Der Basler Historiker Daniele Ganser polarisiert. Seine Auftritte sorgen regelmässig für Diskussionen. Dies ist auch in Basel der Fall, wo Ganser diese Woche ein Referat zum Krieg in der Ukraine hält. «Warum ist der Ukraine-Krieg ausgebrochen?» lautet der Titel seines Vortrags.
Ganser unterstellt den USA und dem Westen eine Mitschuld am Ukraine-Krieg. Russland sei durch die NATO-Osterweiterung provoziert worden und die Maidan-Proteste von 2013/2014 zum Beispiel seien durch «amerikanische Akteure» eingefädelt worden.
Solange sich solche Veranstaltungen im rechtlichen Rahmen bewegen, sehen wir davon ab, Inhalte zu bewerten oder zu kommentieren.
Während in Deutschland aufgrund dieser Thesen kontrovers über Auftrittsverbote diskutiert wurde, können die Vorträge Gansers in Basel ohne Auflagen stattfinden. «Solange sich solche Veranstaltungen im rechtlichen Rahmen bewegen, sehen wir davon ab, Inhalte zu bewerten oder zu kommentieren», sagt Baschi Dürr, Präsident der Basler Casino-Gesellschaft, der Betreiberin des Stadtcasinos, wo Ganser diese Woche auftritt.
Veranstalter ist Thomas Dürr von der Firma Act Entertainment. Er verteidigt die Einladung des umstrittenen Historikers und selbsternannten «Friedensforschers»: «Wir leben in einer freien Gesellschaft, wo jeder seine Meinung haben darf.»
Unwidersprochen sollen Gansers Worte in Basel dennoch nicht bleiben. Forschende der Universität Basel laden nämlich diese Woche zu einer Art Gegenveranstaltung ein. Mitorganisator ist Frithjof Benjamin Schenk, Professor für osteuropäische Geschichte an der Uni Basel.
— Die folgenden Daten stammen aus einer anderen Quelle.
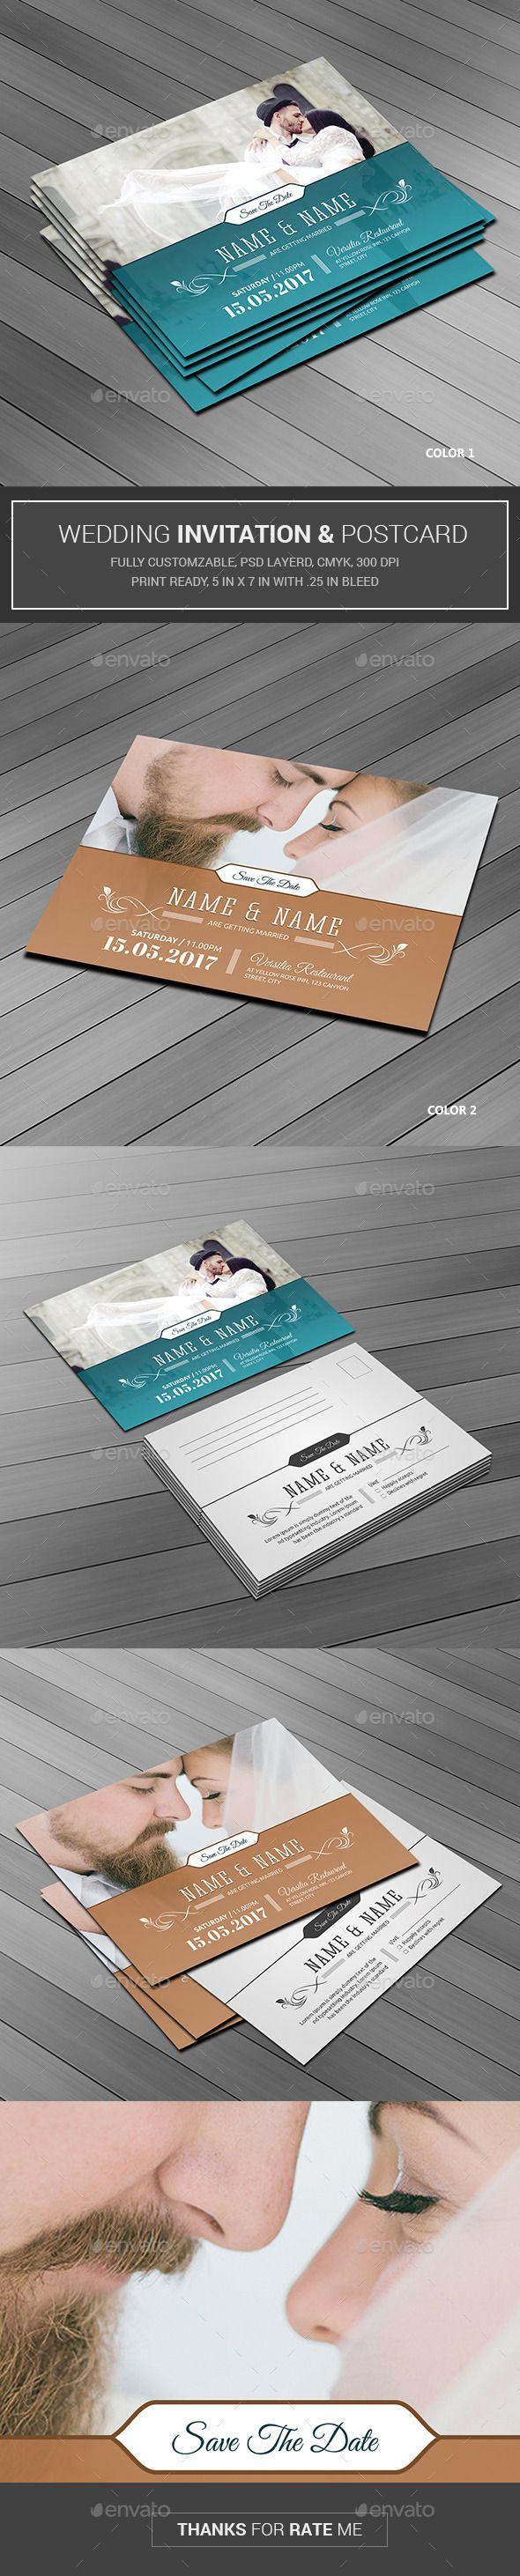 Wedding Invitation - Weddings Cards & Invites Instant Download http://graphicriver.net/item/wedding-invitation/12110678?ref=themedevisers

Schenk betont, dass Ganser auf diesem Gebiet nie geforscht habe und sich nun als Experte zum Thema Ukraine-Krieg inszeniere. «Ganser verbreitet Erzählungen, die sehr eng sind an dem, was die russische Kriegspropaganda in der westlichen Öffentlichkeit verbreitet», sagt Schenk.
An der Veranstaltung der Uni Basel unter dem Titel «Wahrheiten, Halbwahrheiten und Lügen» sollen die Hintergründe des Kriegs und das Verhältnis zwischen Russland und der Ukraine aufgezeigt werden, und zwar aus Sicht von Osteuropa-Wissenschaftlerinnen und -Wissenschaftlern, die sich täglich mit dem Thema auseinandersetzen. Und: «Was uns auch interessiert ist, warum sind eigentlich solche alternativen Erzählungen, wie sie zum Beispiel Daniele Ganser verbreitet, in der Gesellschaft so populär?»
Aber warum organisiert die Uni Basel eine solche Gegenveranstaltung? Schenk betont, die Universität habe einen Bildungsauftrag, deshalb sei es wichtig, dass sie eine solche Veranstaltung anbiete. Und er geht noch weiter: «Wir sind als Zivilgesellschaft aufgerufen, unsere Stimme zu erheben.»
Wir sind als Zivilgesellschaft aufgerufen, unsere Stimme zu erheben.
Derweil plant auch der Ukrainische Verein der Schweiz einen Protest vor dem Basler Stadtcasino rund um die Vortragsabende. «Wir werden friedlich vor dem Stadtcasino mit den Besuchenden das Gespräch suchen», sagt Marc Lindt, Vorstandsmitglied des Vereins gegenüber der Zeitung «bz basel». Von einem Auftrittsverbot hält Lindt indes wenig: «Solche Leute zu canceln bringt nichts, ja ist möglicherweise gar kontraproduktiv.»
Solche Leute zu canceln bringt nichts, ja ist möglicherweise gar kontraproduktiv.
Daniele Ganser selbst war für eine Stellungnahme zur Debatte rund um seinen Auftritt in Basel nicht erreichbar. Die ganze Diskussion rund um ein mögliches Auftrittsverbot in Basel scheint ihm kaum geschadet zu haben. Nachdem alle Plätze für den ersten Vortragsabend ausverkauft waren, gab der Veranstalter bekannt, dass es noch eine weitere Veranstaltung in Basel gibt.